What could a GetYourGuide “defense position” strategy look like?
May 16th, 2022
Does GetYourGuide need to make a strategy correction as a result of the recent downturn the global macro market position for VC backed and stock market listed startups? Only they and their backers know.
SoftBank, one of GetYourGuide’s major backers, is certainly suggesting that SoftBank should take a “defense position” following a 27 billion USD loss.
So, we, SoftBank, should be taking a defense position. There are two things in defense mode. One, continued monetization so we have enough cash position, and for the new investment activities, we’d like to make sure to keep stricter investment criteria,” Softbank founder Masayoshi Son said.
Does this mean GetYourGuide needs to follow their investors lead and take a “defense position”? Maybe…
If a correction needs to be made, what would I suggest if I was in the leadership team at GetYourGuide?
This proposal is a significant change, however similar to a change that Expedia has already made (for Expedia as a result of weak trading related to COVID), i.e. industry precedent is set although motivated by different reasons:
- Cease all tour & activity contracting & connectivity (but keep attraction contracting & connectivity)
- Import & retail non-attraction products via Viator (like Expedia now is)
- Cut GetYourGuide headcount removing all non-attraction supply connectivity engineers & non-attraction supply contracting commercial executives. This buys more time while still presenting exactly the same overall product to consumers & distribution partners
- Double down on GetYourGuide Originals
GetYourGuide Originals has always been a long term aim. From 2019…
“Reck believes that in three to four years’ time, GetYourGuide Originals will form 50% of the company’s net revenues”
I totally believe in the the GetYourGuide Originals mission, although I would follow a different execution approach than currently taken. It needs some focus to deliver on Johannes Reck’s expected traction and this new “defense position” gives it the necessary company wide focus.
As part of the agreement perhaps GetYourGuide distributes GetYourGuide Originals to Viator on an exclusive basis (i.e. Viator doesn’t run experiences themselves, and Viator only sources tour experiences (operated by major platforms) from GetYourGuide (and tour operators of course)
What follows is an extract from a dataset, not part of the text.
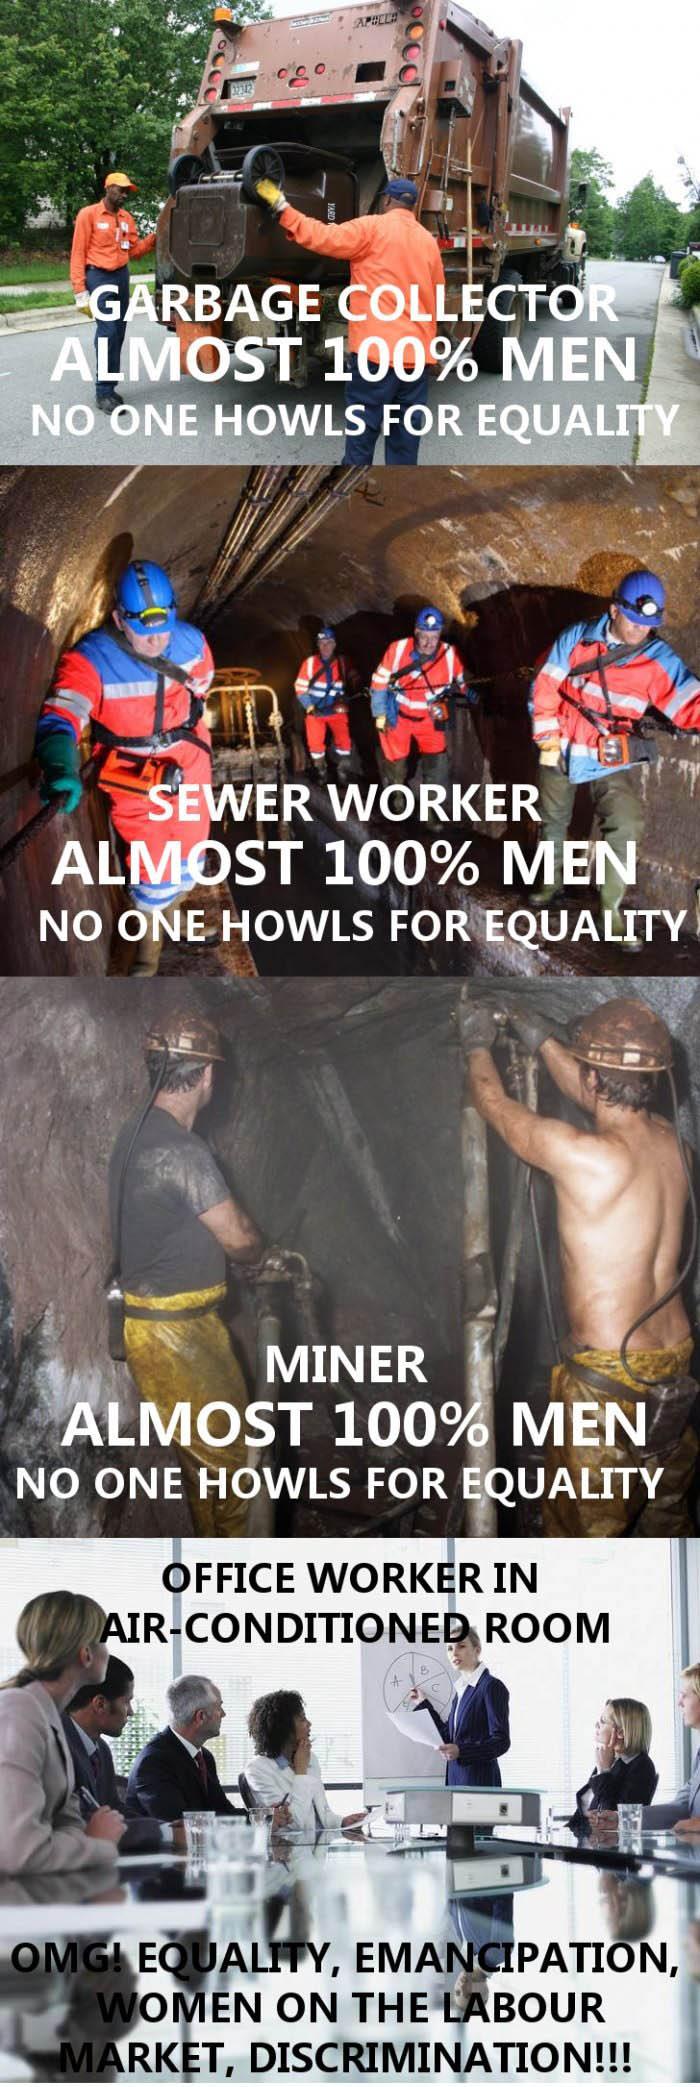 메갈이 원하는 남녀평등

Where would this leave everyone?
Viator locks in the winning position as an independent OTA (now with significant long term Tripadvisor, Expedia & GetYourGuide deals), assisting them to become the “scaled category leader” (Steve Kaufer’s words), leading to a successful sub-IPO. (which would be good for the sector)
GetYourGuide locks in a differentiated position to Viator (locked in as a result of the exclusivity agreement on running their own tours), perhaps leading them to be able to IPO. (which would be good for the sector)
In the end, the OTA face off is a battle that no one can outright win currently. One company makes a move, the other counters. This, by shifting these two OTAs to differentiated roadmaps, gets them both to IPO, trading on ground they are each comfortable on.
- Viator continues to sub-IPO (S-1 already filed with the US SEC)
- The pressure ramps up on GetYourGuide to IPO
- When GetYourGuide and Viator IPO, both will be quarterly measured on a direct comparison with each other, as both will be on the same business model using the same product suppliers. This will be challenging for both parties
i.e. both Viator and GetYourGuide should be similarly motivated to assist GetYourGuide to take this “defense position” as it is better for both of them.